Нет, он был совсем не таким, каким я себе его представил по рассказам Леонида.
Вместо серьезного и замкнутого человека, каким должен был быть по моим представлениям уже неоднократно арестовывавшийся и известный полиции всех университетских центров студент, я увидел красивого, рослого парня с продолговатым смуглым лицом, крупным ртом и темно-карими глазами, в которых то и дело загорались веселые искорки. Он был простым и спокойным, веселым и сильным, и мне понадобилось не больше двух минут, чтобы я почувствовал себя с ним так, будто мы давно знакомы. Он помнил Леонида и понял с полуслова все то, что я собирался рассказать ему подробнейшим образом. Дружески обняв меня за плечи, он повел меня к тем двум, что ждали его в углу, и усадил на кровать.
Почему природа передала мне и черты лица, и цвет глаз матери, но я ее не понимал и она казалась мне более далекой и чужой, чем многие люди, которых я видел в первый раз, но с которыми очень быстро находил общий язык? Неужели природа только для того и соединила нас, чтобы мы потом не понимали и терзали друг друга?
Почему я причинил столько страданий как раз тем, кто дал мне жизнь и кто – я в этом уверен – волновался, мучился и думал только обо мне, даже в свой страшный смертный час?

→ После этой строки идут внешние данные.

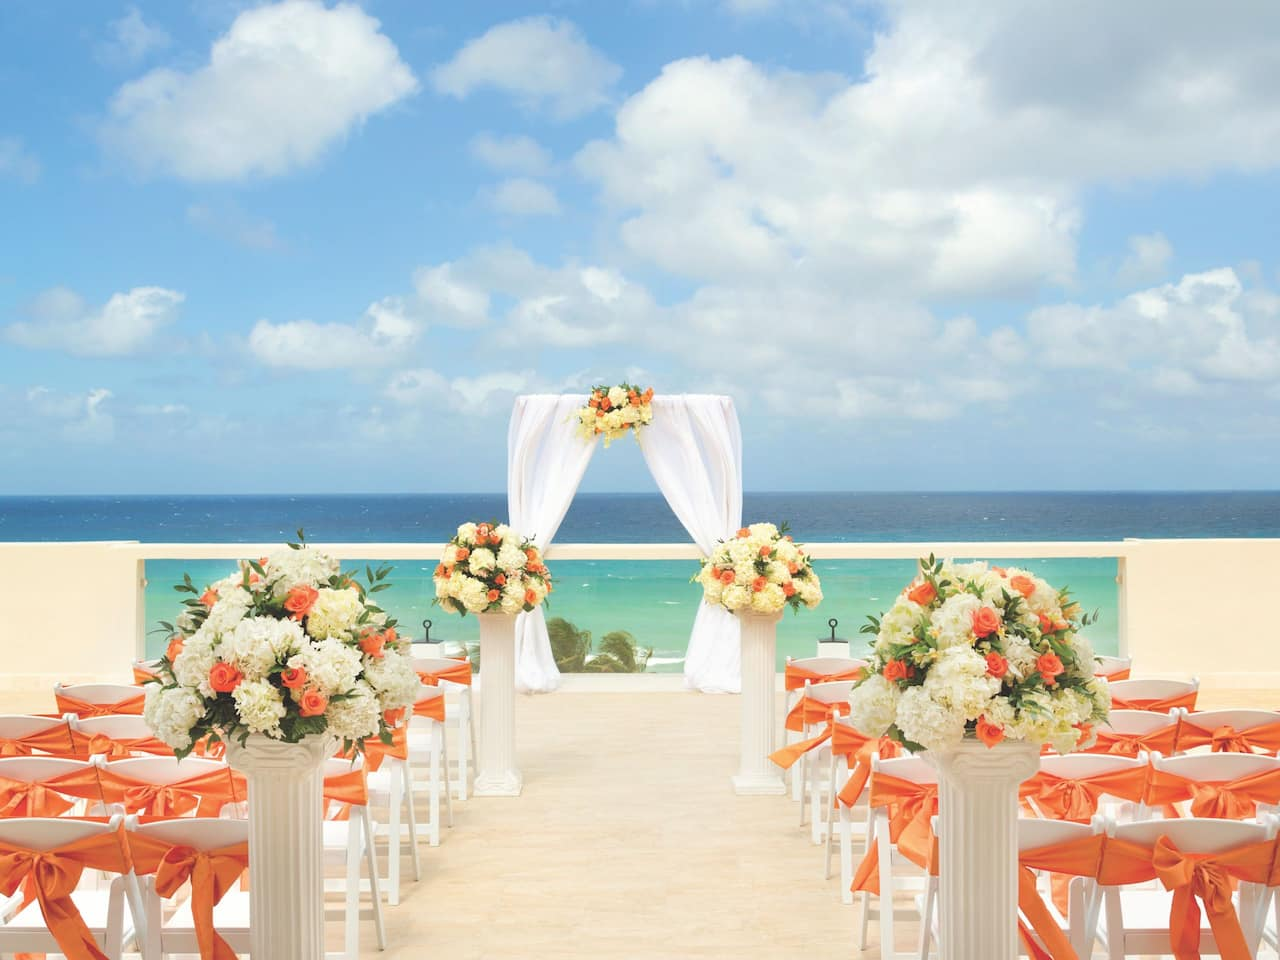 Wedding ceremony setup on resort beachfront

Мне удалось уговорить маму уехать домой в тот же день ночным пароходом. Я боялся, что она захочет пойти в гимназию разговаривать с директором, и был убежден, что ни к чему, кроме унижений, это не приведет. Она согласилась с моими доводами, но мне пришлось дать ей слово, что я сам сделаю все нужное, чтобы закончить столь неожиданно прерванное учение. Как я этого добьюсь, я не знал. Но тогда я об этом и не думал. Так сильно, так нестерпимо теснило в груди от взгляда ее грустных глаз, от звука ее тихого и печального голоса, что я готов был обещать ей все на свете. Она поверила мне и уехала…

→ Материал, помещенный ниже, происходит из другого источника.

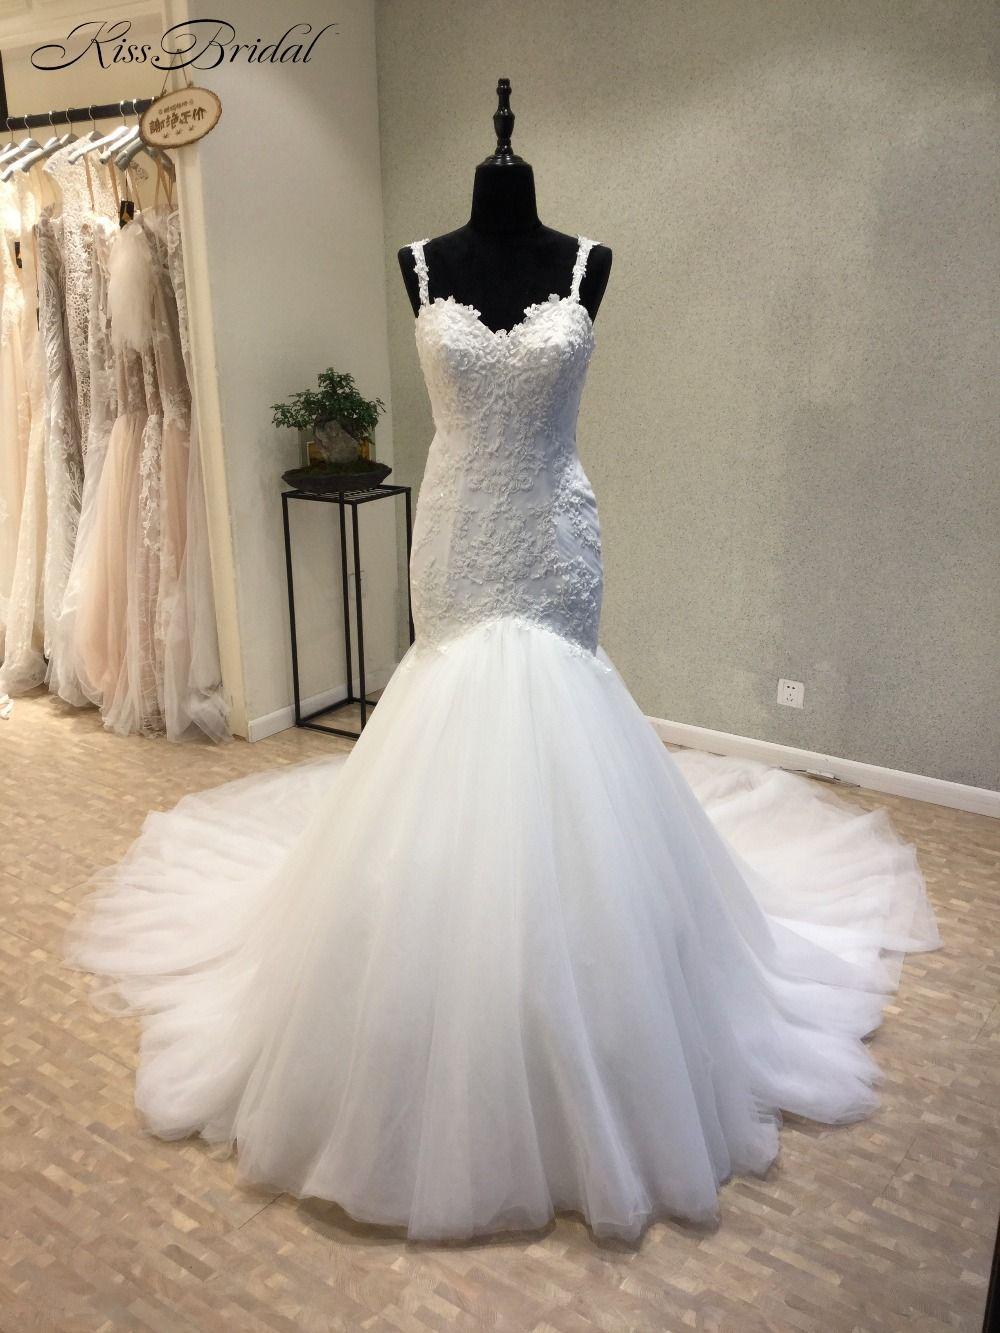 Find More Wedding Dresses Information about Corset Back

Что же теперь? – спрашивал я себя после ее отъезда. Мое блаженное оцепенение окончательно прошло, и я не хотел больше на Дунай. Меня мучила теперь одна мысль – что предпринять? как выполнить данное матери обещание? Раздумывая о нем, я пришел к мысли, что меня действительно исключили неправильно – в конце концов, я ведь не совершал в гимназии никаких проступков. Достаточно мне было внушить себе, что со мной поступили несправедливо, как тотчас появилось страстное желание сопротивления: доказать им, что правда на моей стороне. Я должен закончить гимназию хотя бы для того, чтобы посрамить директора. Я закончу гимназию, выполню обещание, данное маме, и это ни в коем случае не значит, что я отказываюсь от своих главных планов продолжать работу Макса и его товарищей. Сам Макс тоже хотел быть студентом…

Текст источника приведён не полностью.